O conceito de soft power também ganhou, nas últimas décadas, um espaço nas discussões geopolíticas. Essa expressão se refere à habilidade de determinadas nações em influenciar indiretamente seus pares a partir de fontes como a cultura e a diplomacia.
A representação diametralmente oposta – hard power – conquista isso a partir de meios de demonstração de força, como ações militares ou sanções econômicas.
Mas e quando a influência vai para a internet? Na reflexão sobre a dinâmica de influência das culturas globais e geolocalizadas, Martel contrapõe o senso comum: segundo ele, a internet são “as internets”, no plural. Afinal, a rede não aplaina o mundo: à medida que ela avança, se desenvolve em profundidade. É um mergulho vertical, e não na horizontal.
A tecnologia promete Culture as a Service (em inglês, “cultura como um serviço”), um ambiente em que qualquer usuário pode postar um conteúdo – e todos podem acessá-lo no mesmo instante em que foi disponibilizado. Em contraponto, as diferentes respostas em relação aos influenciadores demonstram que as fronteiras continuam a existir, reforçando as chamadas bolhas de informação. No uso da rede, a escolha dos conteúdos, formatos e tons de discursos são peças-chave na influência de novas pessoas além das que já nos conectamos (impacto na horizontal) ou no aprofundamento dos grupos que já possuímos afinidade (vertical).
Como disse o filósofo francês Gilles Deleuze, é preciso encontrar as “brechas para o desenvolvimento”. A influência sutil busca essa brecha entre as fronteiras estabelecidas, conecta novos pontos e cria novas conexões.
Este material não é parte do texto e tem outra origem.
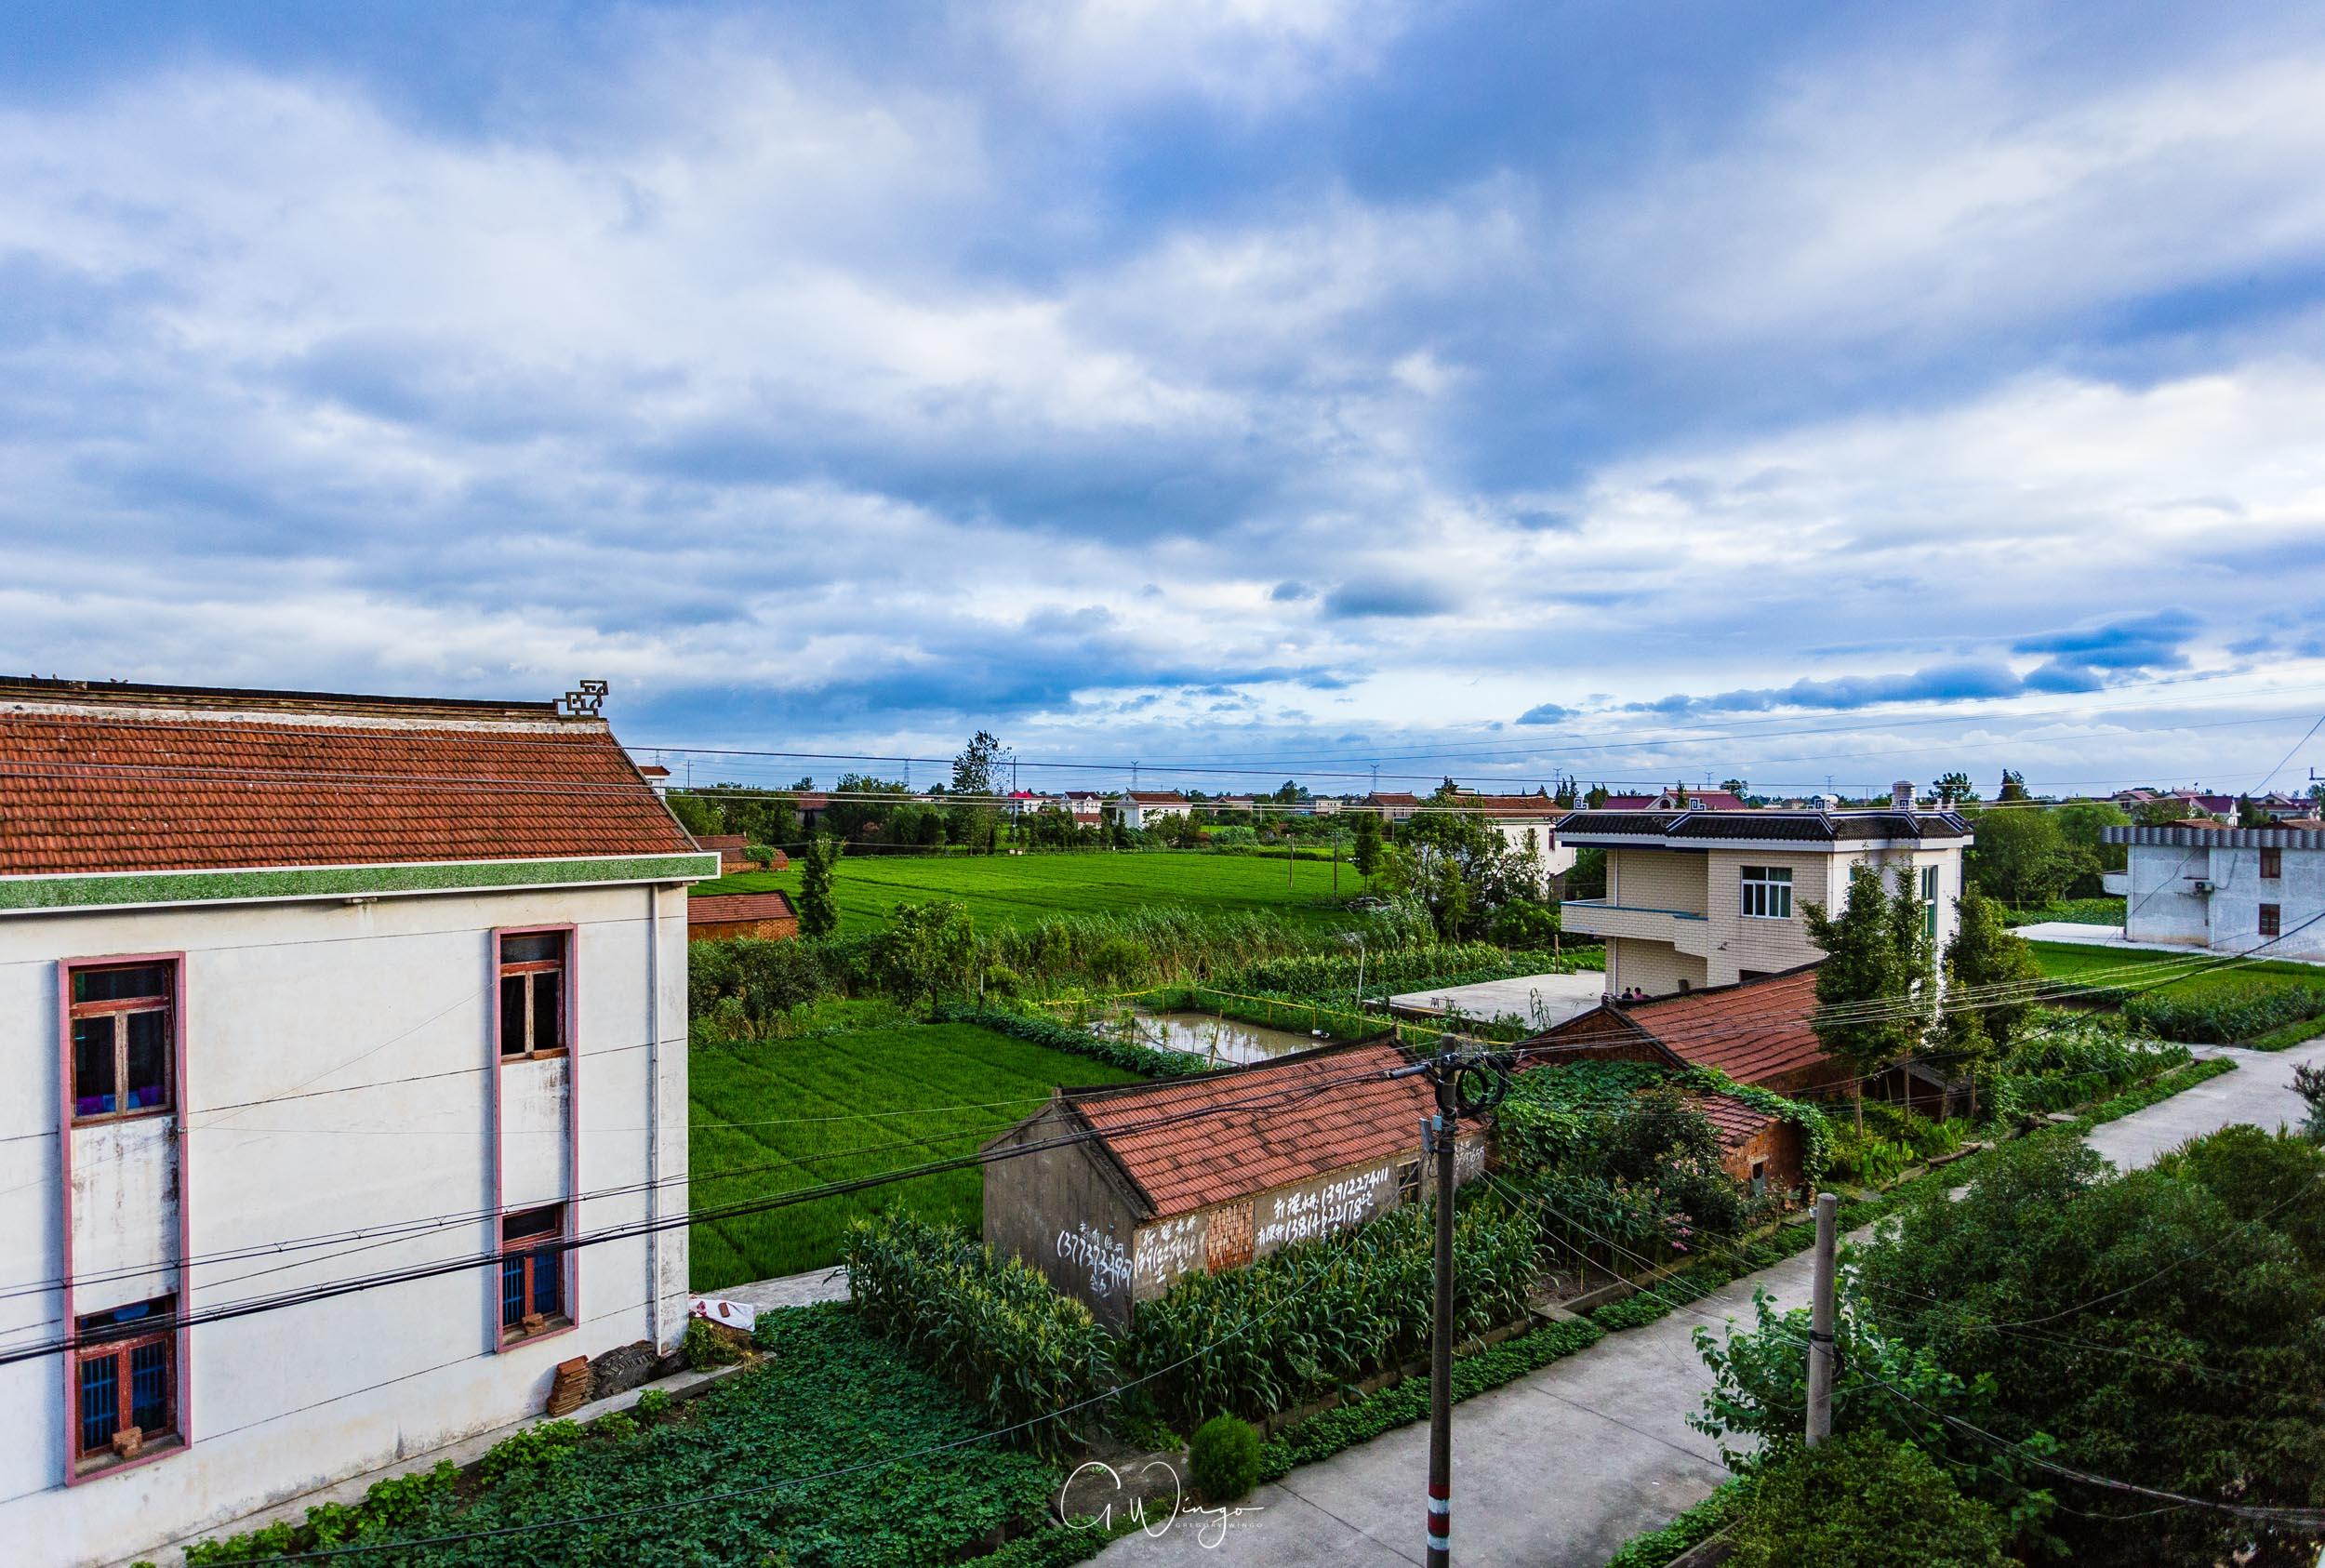 Rural Tongzhou

Muito se fala sobre as estratégias de divulgação nesse mundo digital, mas o que realmente importa é o conteúdo em si. A autenticidade e a sumarização da reflexão exigem tempo, e esses elementos sustentam as relações de mais alto impacto.
Com mais de 165 milhões de usuários na internet, o Brasil possui cultura local com poder de influência suficiente para evoluir na vertical e na horizontal. Há desafios de linguagem e de estratégias de marketing nas redes sociais, sim. No entanto, mesmo na imensidão de conteúdos disponibilizados na rede, uma voz original com conteúdo cultural autêntico fica para sempre.